Practice Project - FIFA World Cup Analysis¶
Context¶
The FIFA World Cup, often simply called the World Cup, is an international association football competition contested by the senior men's national teams of the members of the Fédération Internationale de Football Association (FIFA), the sport's global governing body. The championship is contested every four years since the inaugural tournament in 1930, except in 1942 and 1946 when it was not held because of the Second World War. It is one of the most prestigious and important trophies in the sport of football.
Objective¶
A new football club named 'Brussels United FC' has just been inaugurated. As a member of this club, you have been assigned a task to carry analysis of the world cup data.
Data Dictionary¶
The World Cups dataset has the following information about all the World Cups in history till 2014.
Year: Year in which the world cup was held
Country: Country where the world cup was held
Winner: Team that won the world cup
Runners-Up: Team that came second
Third: Team that came third
Fourth: Team that came fourth
GoalsScored: Total goals scored in the world cup
QualifiedTeams: Number of teams that qualified for the world cup
MatchesPlayed: Total matches played in the world cup
Attendance: Total attendance in the world cup
Q 1: Import the necessary libraries and briefly explain the use of each library¶
import numpy as np
import pandas as pd
import seaborn as sns
import matplotlib.pyplot as plt
%matplotlib inline
from google.colab import drive
drive.mount('/content/drive')
Write your Answer here:¶
Ans 1:
Numpy:
Numpy is used for handling Numbers, Numerical analysis. It is the fundamental package for array computing with Python.
Pandas:
Pandas are used to process the data. Pandas contain data structures and data manipulation tools designed for data cleaning and analysis.
matplotlib.pyplot
Matplotlib is a visualization library & has been taken from the software Matlab
. We are only considering one part of this library to show plotting, hence used .pyplot which means python plot.
Seaborn
Seaborn is another visualization library.
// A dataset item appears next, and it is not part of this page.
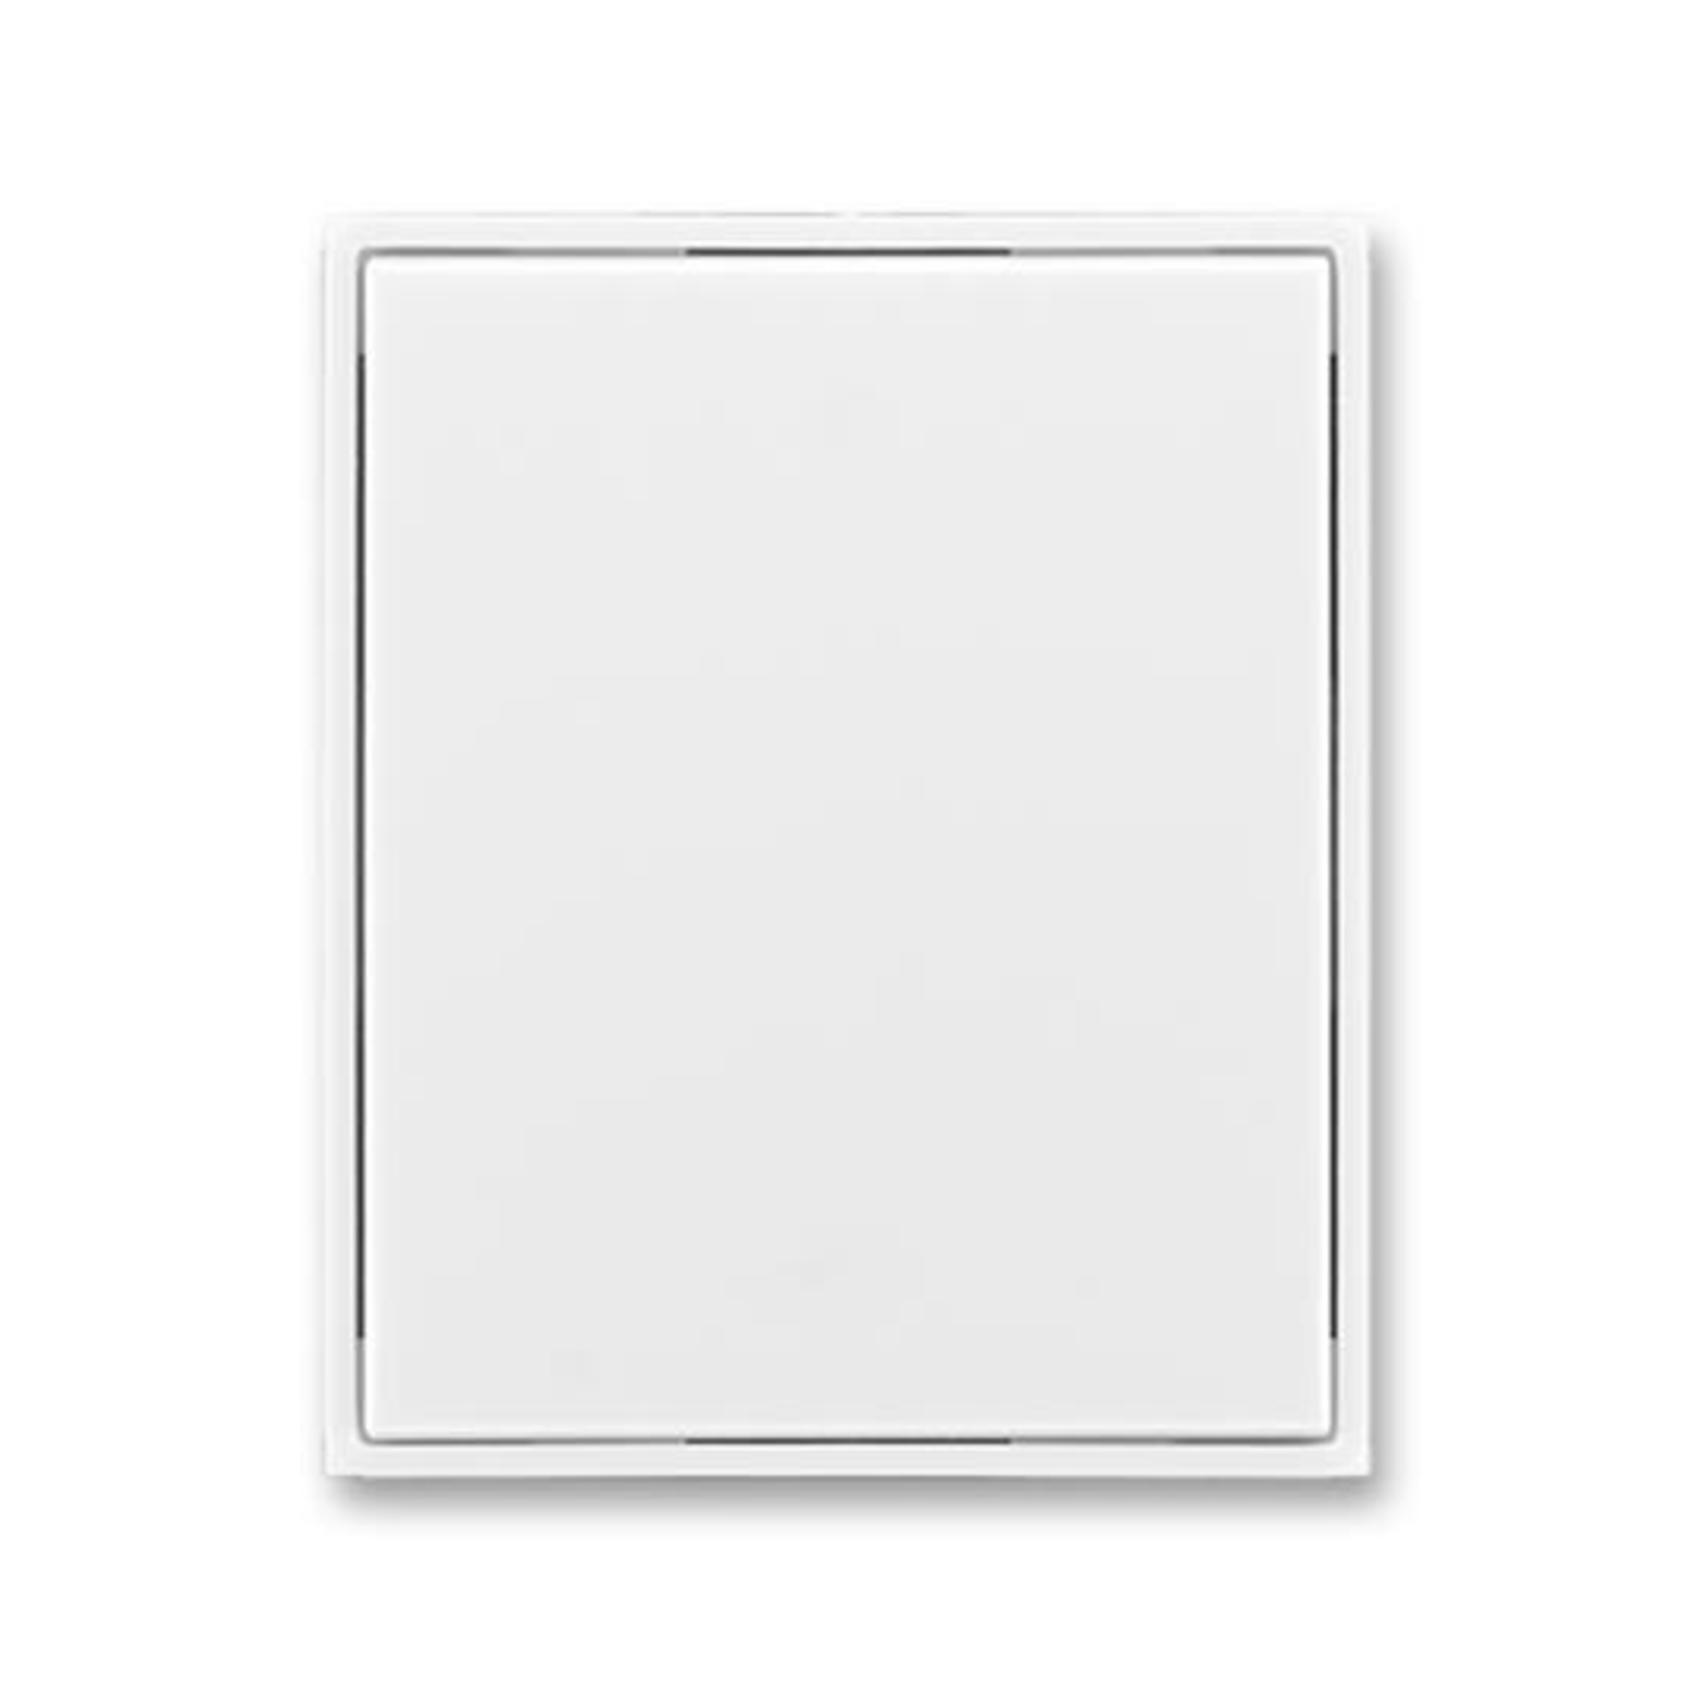 ABB 3299E-A00100 03 Element Kryt stmívače s krátkocestným ovládáním
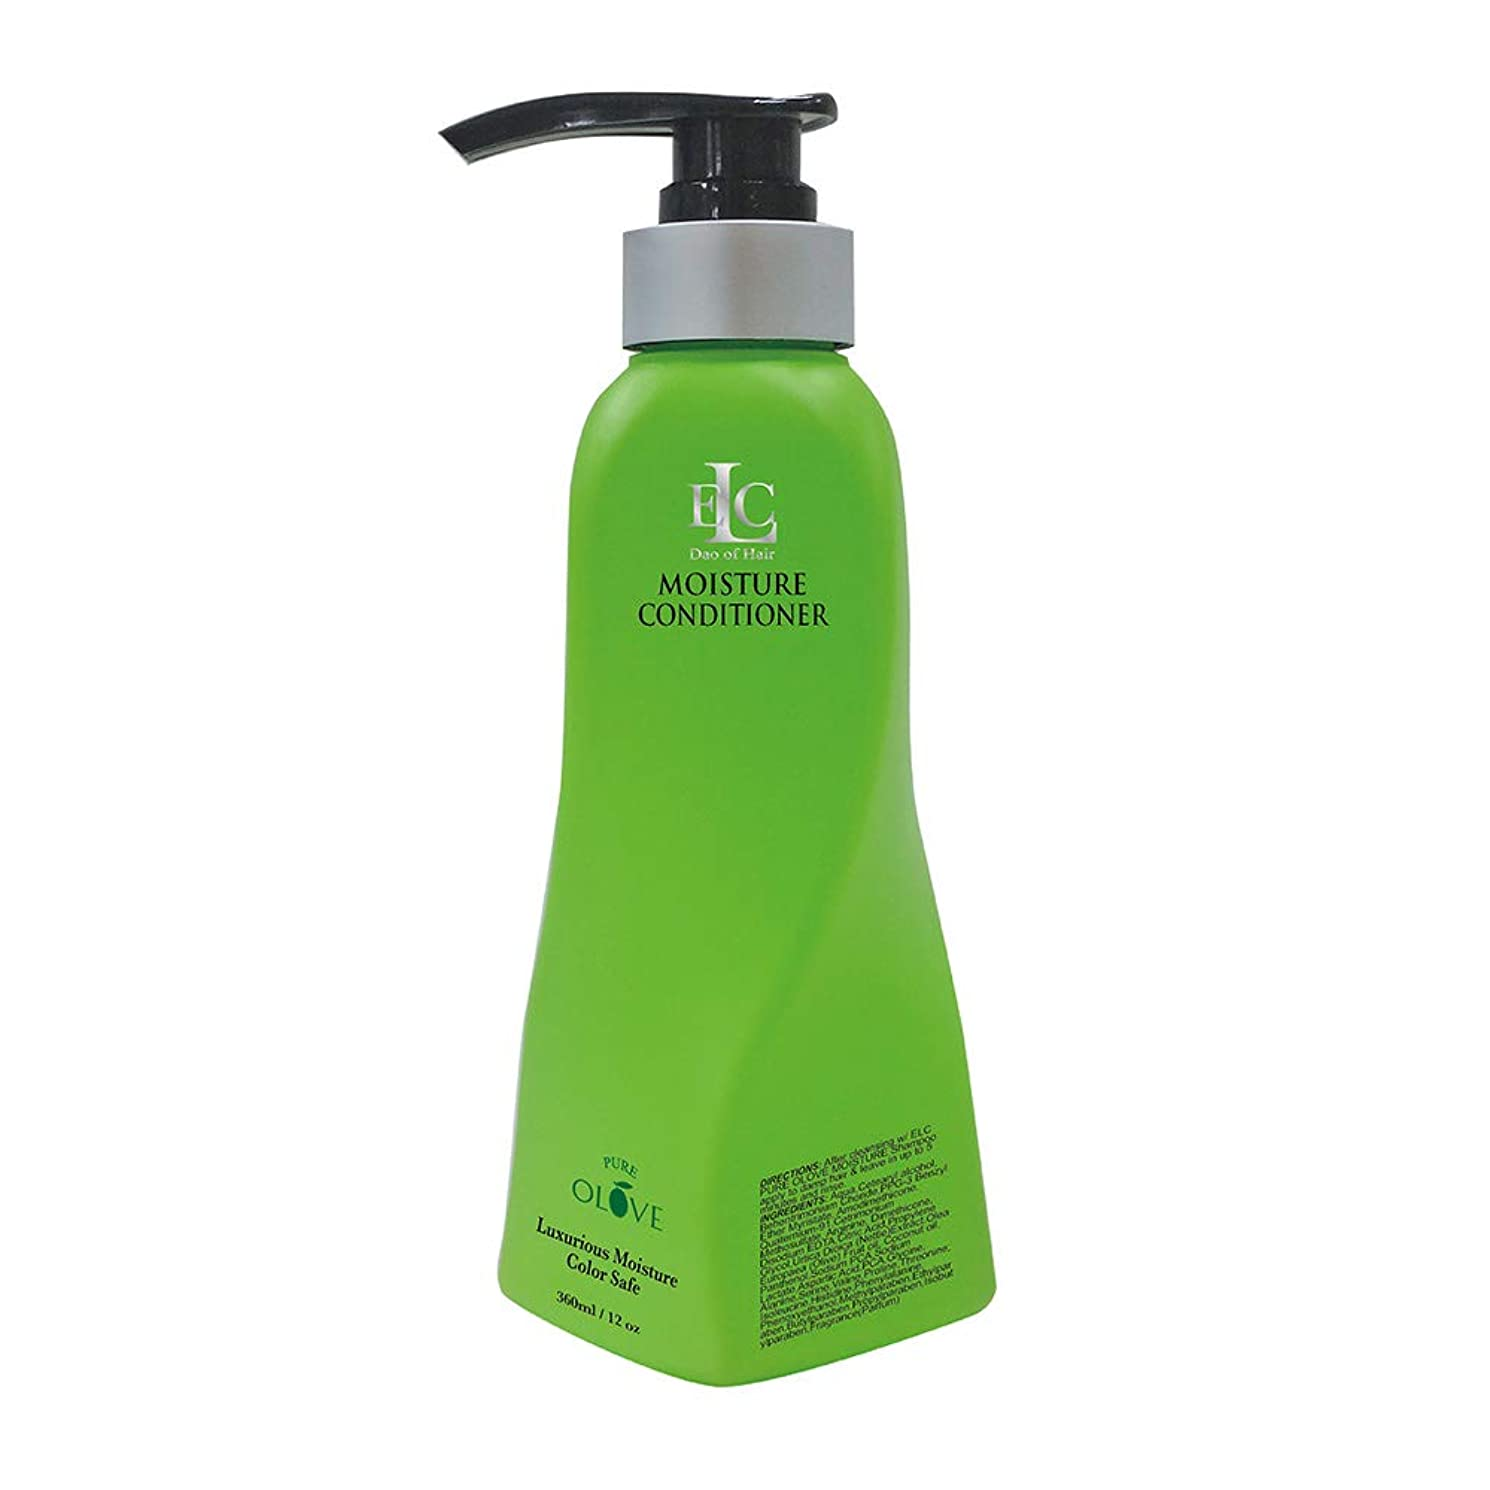 クリーク大破良さELC Dao of Hair ELCピュアOloveモイスチャライジングコンディショナー - モイスチャーリッチナチュラルボタニカル&有機油は、栄養を与え、修理、強化、ドライ髪を再水和 12オンス

When it comes to the visualization of statistical models like heat maps, Seaborn is among the reliable sources. This Python library is derived from matplotlib and closely integrated with Pandas data structures
Q 2: Which library can be used to read the WorldCups dataset? Read the dataset.¶
fifa=pd.read_csv("/content/drive/MyDrive/MIT - Data Sciences/Colab Notebooks/Week Two - Statistics for Data Science/Project Assessment - FIFA/WorldCups.csv")
Write your Answer here:¶
Ans 2:
Pandas
library can be used to import the WorldCups dataset
Q3. Show the last 10 records of the dataset. How many columns are there?¶
fifa.tail(10)
Year | Country | Winner | Runners-Up | Third | Fourth | GoalsScored | QualifiedTeams | MatchesPlayed | Attendance | |
---|---|---|---|---|---|---|---|---|---|---|
10 | 1978 | Argentina | Argentina | Netherlands | Brazil | Italy | 102 | 16 | 38 | 1.545.791 |
11 | 1982 | Spain | Italy | Germany FR | Poland | France | 146 | 24 | 52 | 2.109.723 |
12 | 1986 | Mexico | Argentina | Germany FR | France | Belgium | 132 | 24 | 52 | 2.394.031 |
13 | 1990 | Italy | Germany FR | Argentina | Italy | England | 115 | 24 | 52 | 2.516.215 |
14 | 1994 | USA | Brazil | Italy | Sweden | Bulgaria | 141 | 24 | 52 | 3.587.538 |
15 | 1998 | France | France | Brazil | Croatia | Netherlands | 171 | 32 | 64 | 2.785.100 |
16 | 2002 | Korea/Japan | Brazil | Germany | Turkey | Korea Republic | 161 | 32 | 64 | 2.705.197 |
17 | 2006 | Germany | Italy | France | Germany | Portugal | 147 | 32 | 64 | 3.359.439 |
18 | 2010 | South Africa | Spain | Netherlands | Germany | Uruguay | 145 | 32 | 64 | 3.178.856 |
19 | 2014 | Brazil | Germany | Argentina | Netherlands | Brazil | 171 | 32 | 64 | 3.386.810 |
Write your Answer here:¶
Ans 3:
There are 10 columns in the data
Q4. Show the first 10 records of the dataset.¶
fifa.head(10)
Year | Country | Winner | Runners-Up | Third | Fourth | GoalsScored | QualifiedTeams | MatchesPlayed | Attendance | |
---|---|---|---|---|---|---|---|---|---|---|
0 | 1930 | Uruguay | Uruguay | Argentina | USA | Yugoslavia | 70 | 13 | 18 | 590.549 |
1 | 1934 | Italy | Italy | Czechoslovakia | Germany | Austria | 70 | 16 | 17 | 363.000 |
2 | 1938 | France | Italy | Hungary | Brazil | Sweden | 84 | 15 | 18 | 375.700 |
3 | 1950 | Brazil | Uruguay | Brazil | Sweden | Spain | 88 | 13 | 22 | 1.045.246 |
4 | 1954 | Switzerland | Germany FR | Hungary | Austria | Uruguay | 140 | 16 | 26 | 768.607 |
5 | 1958 | Sweden | Brazil | Sweden | France | Germany FR | 126 | 16 | 35 | 819.810 |
6 | 1962 | Chile | Brazil | Czechoslovakia | Chile | Yugoslavia | 89 | 16 | 32 | 893.172 |
7 | 1966 | England | England | Germany FR | Portugal | Soviet Union | 89 | 16 | 32 | 1.563.135 |
8 | 1970 | Mexico | Brazil | Italy | Germany FR | Uruguay | 95 | 16 | 32 | 1.603.975 |
9 | 1974 | Germany | Germany FR | Netherlands | Poland | Brazil | 97 | 16 | 38 | 1.865.753 |
Q5. What do you understand by the dimension of the dataset? Find the dimension of the fifa
dataframe.¶
fifa.shape
(20, 10)
Write your Answer here:¶
Ans 5:
The shape of the dataset is a tuple of 2 elements. The first element shows the number of rows in the data and the second element shows the number of columns in the data.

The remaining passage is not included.